Registers one or more WASM modules.

**Request Body:** JSON `WasmModuleAddRequest`
```json
{
  "modules": [
    {
      "name": "custom-middleware",
      "file_path": "/etc/smg/wasm/custom-middleware.wasm",
      "module_type": "Middleware",
      "attach_points": [
        {"Middleware": "OnRequest"},
        {"Middleware": "OnResponse"}
      ]
    }
  ]
}
```

The only supported `module_type` today is `Middleware`. Valid `Middleware` attach points are `OnRequest`, `OnResponse`, and `OnError`.

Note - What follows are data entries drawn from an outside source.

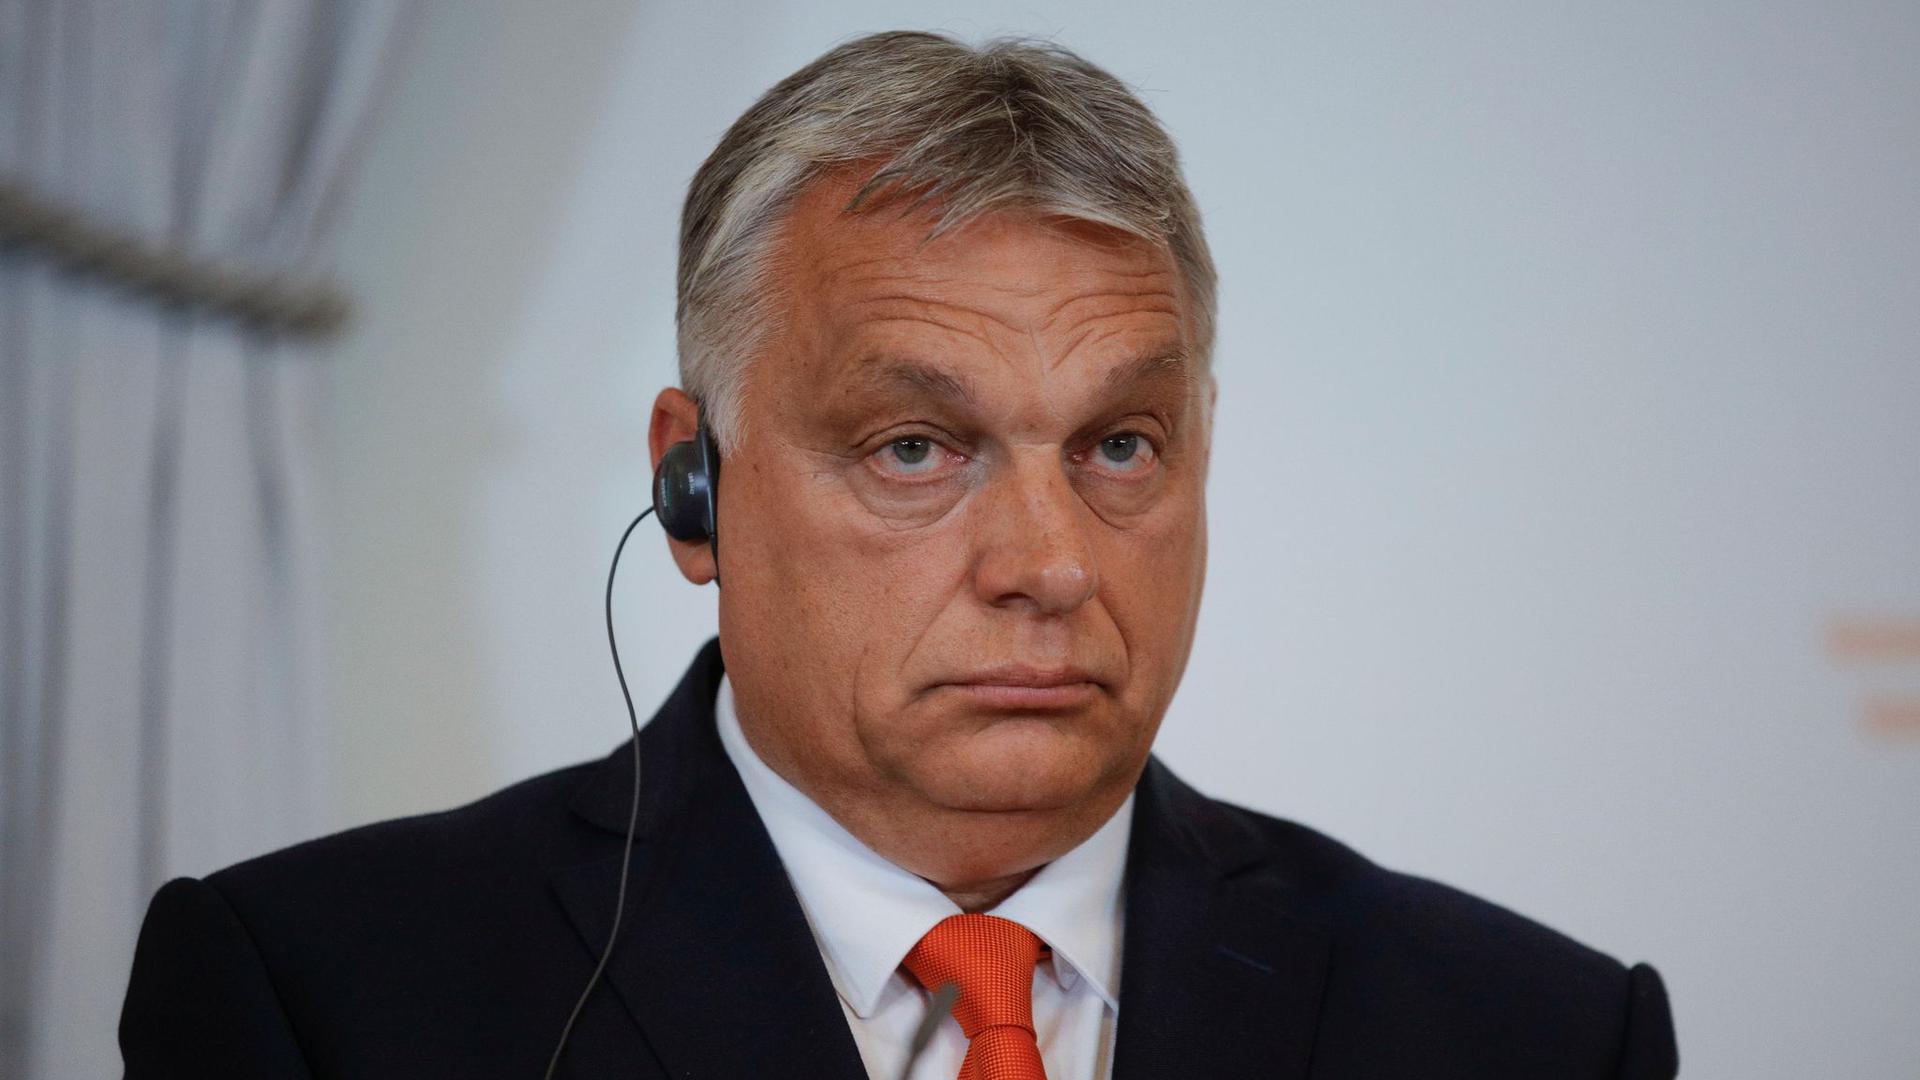 Viktor Orban steht wegen seiner rassistischen Äußerungen in der Kritik.
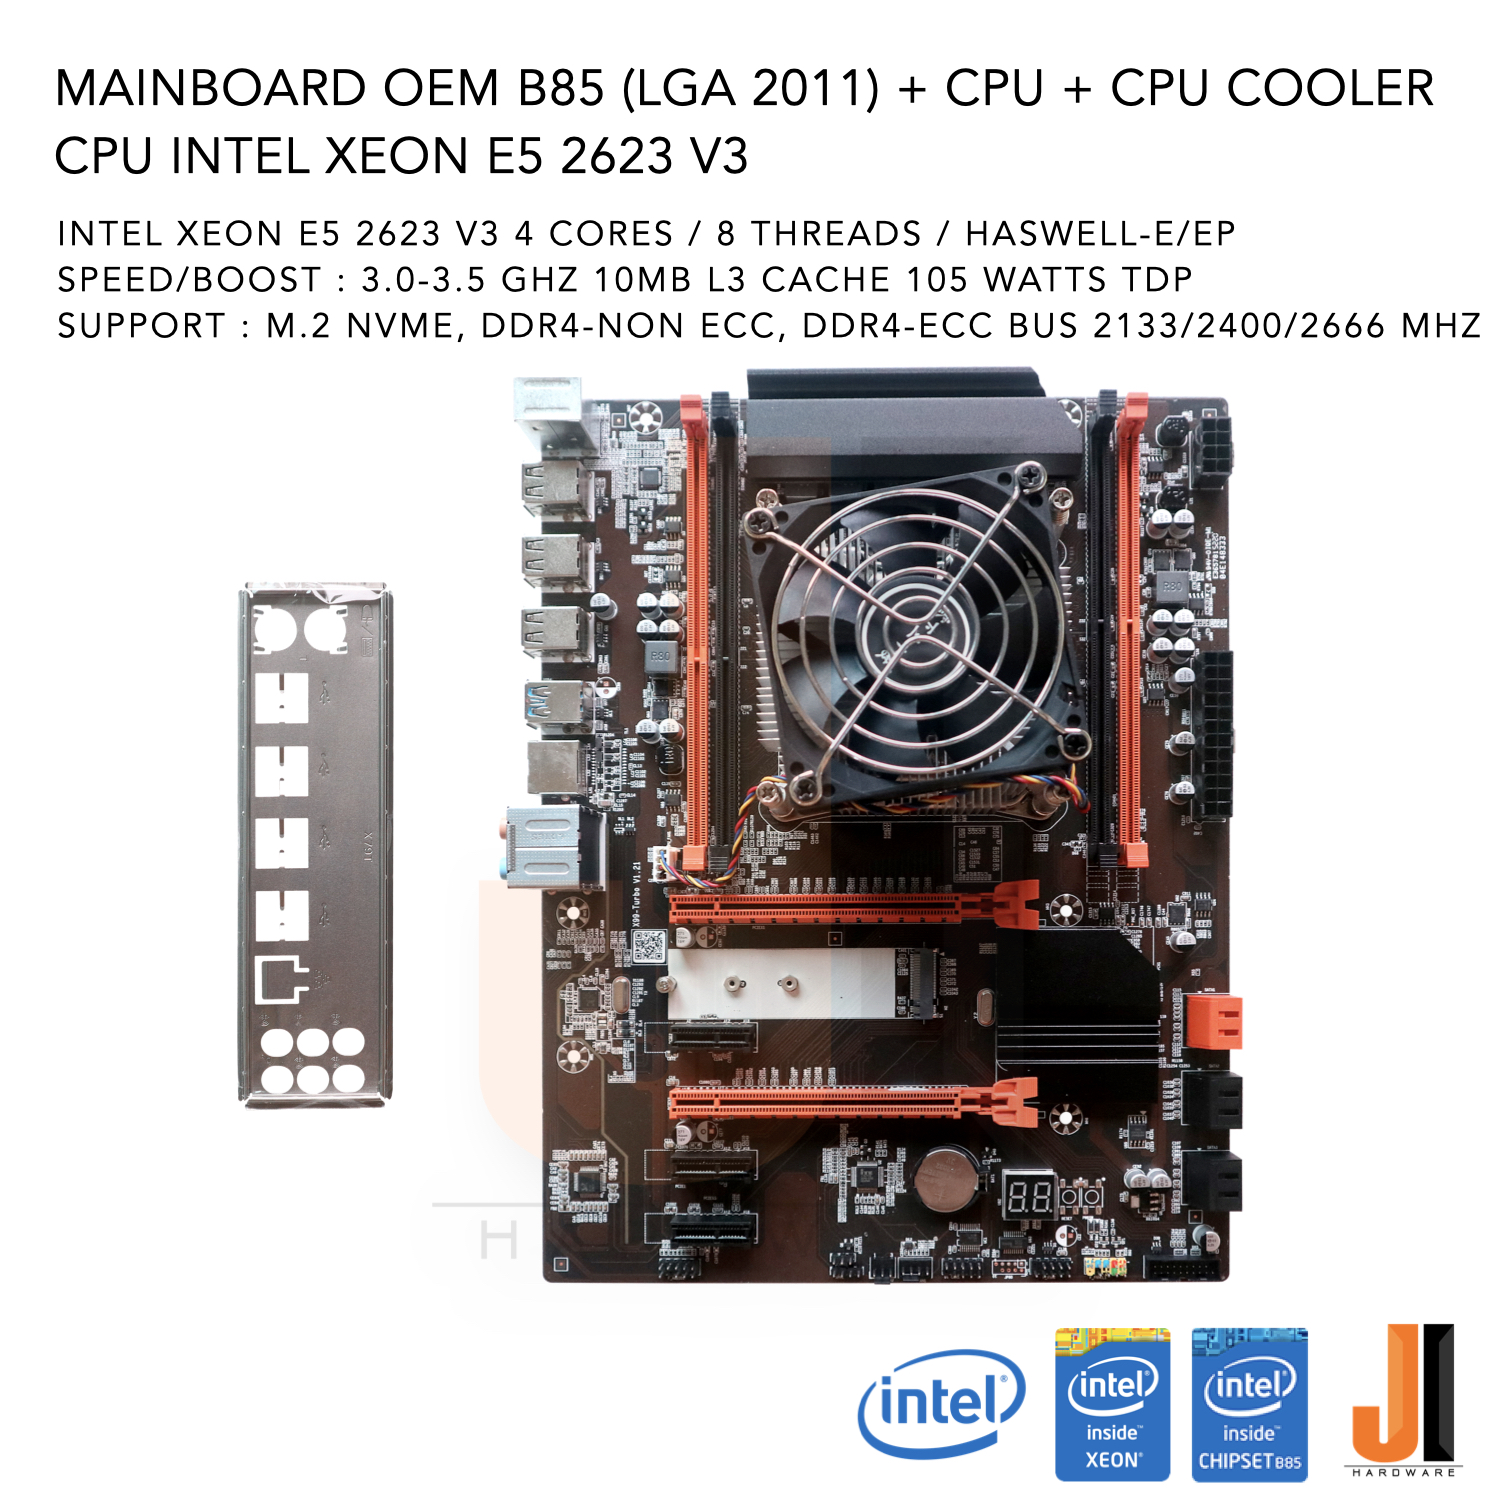 ชุดสุดคุ้ม Mainboard OEM B85 (LGA 2011) + Intel Xeon E5 2623 V3 With CPU Cooler 3.0-3.5 GHz 4 Cores/ 8 Threads 105 Watts (สินค้าใหม่สภาพดีมีฝาหลังมีการรับประกัน)
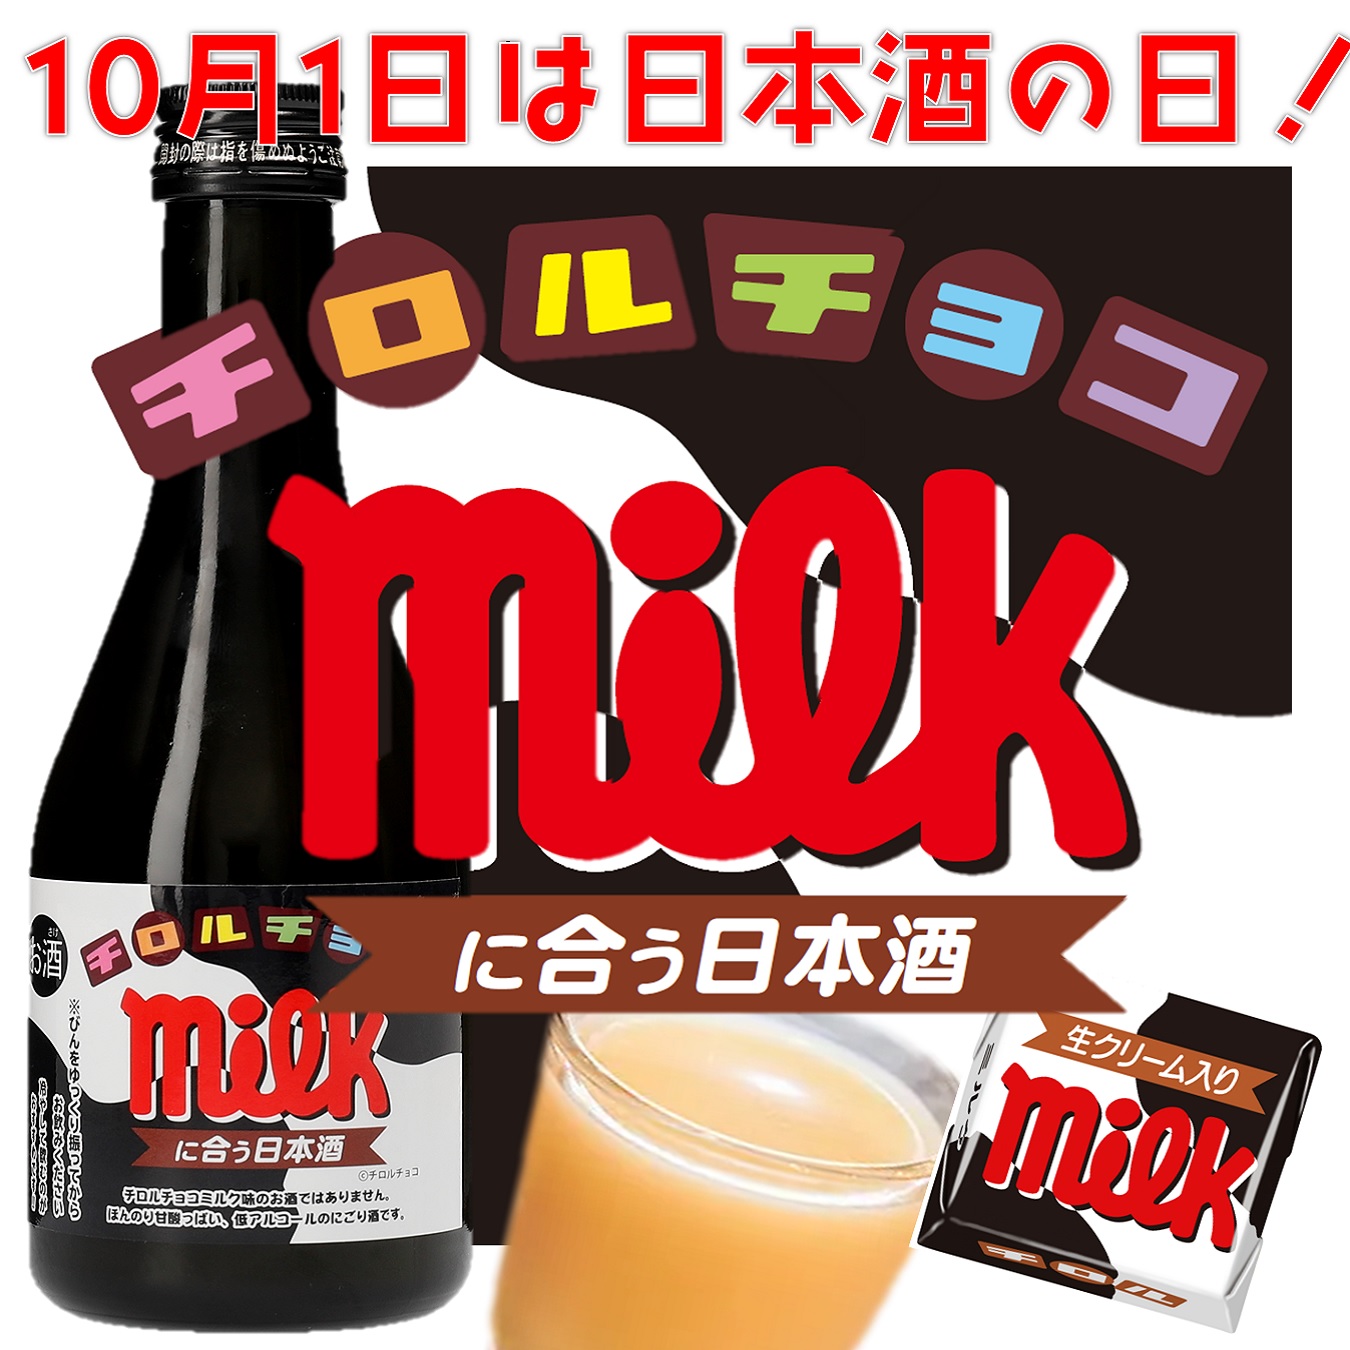 「チロルチョコ〈ミルク〉に合う日本酒」試飲イベント

**Response:** `200 OK` on full success, `400 Bad Request` if any module failed to register. The response body echoes every requested module with an `add_result` field indicating success (carrying the assigned UUID) or failure (carrying the error message).

```json
{
  "modules": [
    {
      "name": "custom-middleware",
      "file_path": "/etc/smg/wasm/custom-middleware.wasm",
      "module_type": "Middleware",
      "attach_points": [
        {"Middleware": "OnRequest"},
        {"Middleware": "OnResponse"}
      ],
      "add_result": {
        "Success": "550e8400-e29b-41d4-a716-446655440000"
      }
    }
  ]
}
```

---

### List WASM Modules

```
GET /wasm
```

Returns all registered WASM modules together with aggregate execution metrics.

**Response:** `200 OK`
```json
{
  "modules": [
    {
      "module_uuid": "550e8400-e29b-41d4-a716-446655440000",
      "module_meta": {
        "name": "custom-middleware",
        "file_path": "/etc/smg/wasm/custom-middleware.wasm",
        "sha256_hash": "e3b0c44298fc1c149afbf4c8996fb92427ae41e4649b934ca495991b7852b855",
        "size_bytes": 65536,
        "created_at": "2024-01-15T12:00:00.000000000Z",
        "last_accessed_at": "2024-01-15T12:05:00.000000000Z",
        "access_count": 42,
        "attach_points": [
          {"Middleware": "OnRequest"}
        ]
      }
    }
  ],
  "metrics": {
    "total_executions": 42,
    "successful_executions": 42,
    "failed_executions": 0,
    "total_execution_time_ms": 125,
    "max_execution_time_ms": 8,
    "average_execution_time_ms": 2.97
  }
}
```

---

### Remove WASM Module

```
DELETE /wasm/{module_uuid}
```

Removes a WASM module. The body is a plain text status message, not JSON.

**Response:** `200 OK`
```
Module removed successfully
```

On failure returns `400 Bad Request` with the error text as the body.

---

## Error Responses

All endpoints return errors in a consistent format:

```json
{
  "error": {
    "message": "Detailed error description",
    "type": "error_type"
  }
}
```

| HTTP Status | Error Type | Description |
|-------------|------------|-------------|
| `400` | `bad_request` | Invalid request format or parameters |
| `401` | `unauthorized` | Missing or invalid authentication |
| `403` | `forbidden` | Insufficient permissions |
| `404` | `not_found` | Resource not found |
| `409` | `conflict` | Resource already exists |
| `503` | `service_unavailable` | No healthy workers available |

---

## Authentication

Admin endpoints require authentication via one of:

1. **API Key**: Pass via `Authorization: Bearer <api-key>` header
2. **Control Plane Key**: For cluster management operations

Public endpoints (health checks, model info) do not require authentication.